Пришлось старшому и на этот раз увидеть весьма некрасивую картину. Когда вошел он, Нурлый, свалив жену на пол, сидел на ней верхом, распяливал ей руки и чего-то допытывался пьяным голосом. Поговаривали, что ревнует он свою красивую Хатиру к волоокому хлопцу из постройкома, может, и теперь бубнил ей хмельные свои обвинения.
Хатира, почуяв, что кто-то вошел и стоит у двери, застеснялась, видно, задранного платья, принялась биться и дергаться, но Нурлый сидел сверху крепко, как пень, недвижимо приплюснув ее шестипудовой тушей своей к неструганому полу. Несчастная Хатира от унижения, что лежит в этаком неприглядном виде перед Ардуановым, залилась горючими слезами.
Эти горькие слезы опалили, ожгли большое сердце Мирсаита Ардуанова. Тотчас поняв, что уговорами здесь ничего не добиться, Мирсаит-абзый обхватил Нурлыя и поднял его на воздух.
— Ах, бесстыжая твоя морда, — негромко, без крику, приговаривал старшой. — Ну, это ли молодечество, герой ты недоделанный?!
Нурлый, пытаясь вырваться, дернулся было, но, уразумев, что попал в руки Ардуанова, смирился и сник.

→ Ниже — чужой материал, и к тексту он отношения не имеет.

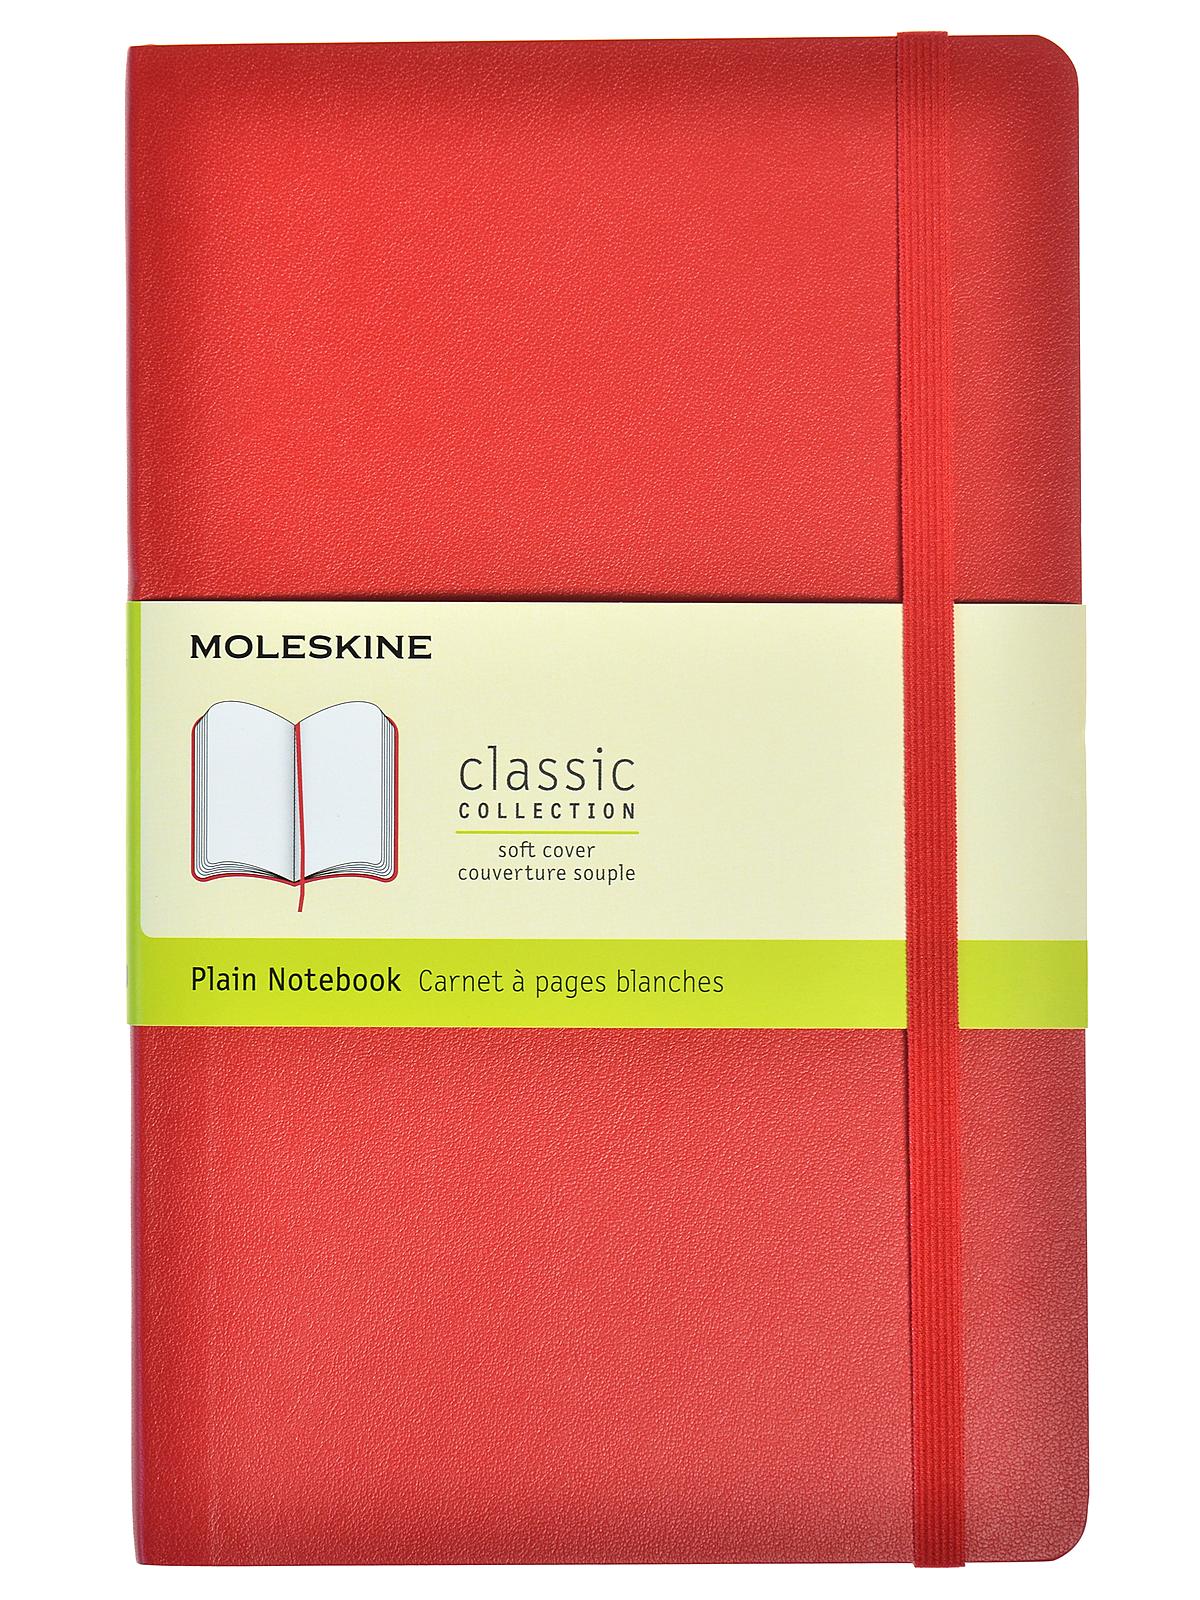 Classic Soft Cover Notebooks Red 5 In. X 8 1 4 In. 192 Pages, Unlined

Мирсаит-абзый, тряхнув как следует, посадил его на деревянный топчан и в мгновение ока повязал по рукам и ногам полотенцами, сорванными быстро с крюка над головою. Потом аккуратно уложил и сел рядом.
Можно было ему теперь и уйти, но делать этого, пока Нурлый лежал связанный, не хотелось, оттого примостился он на краешке топтана и сидел, погрузившись в невеселое молчание.
А Нурлахмет считался всегда человеком упрямым и тугим на раскрутку. Пролежал и сейчас он более часа, не промолвив ни единого слова. Сидел и Ардуанов, тоже молчал, посапывая задумчиво. Скрестились то есть терпеньями, и давил каждый в свою сторону. Наконец терпение Нурлахмета с треском сломалось.
— Отпусти же, медведь плешивый, не могу, руки затекли! — сказал он, простонав от боли.
— Разве это мужик, ежели на бабу руку поднял! — ответил миролюбиво Ардуанов.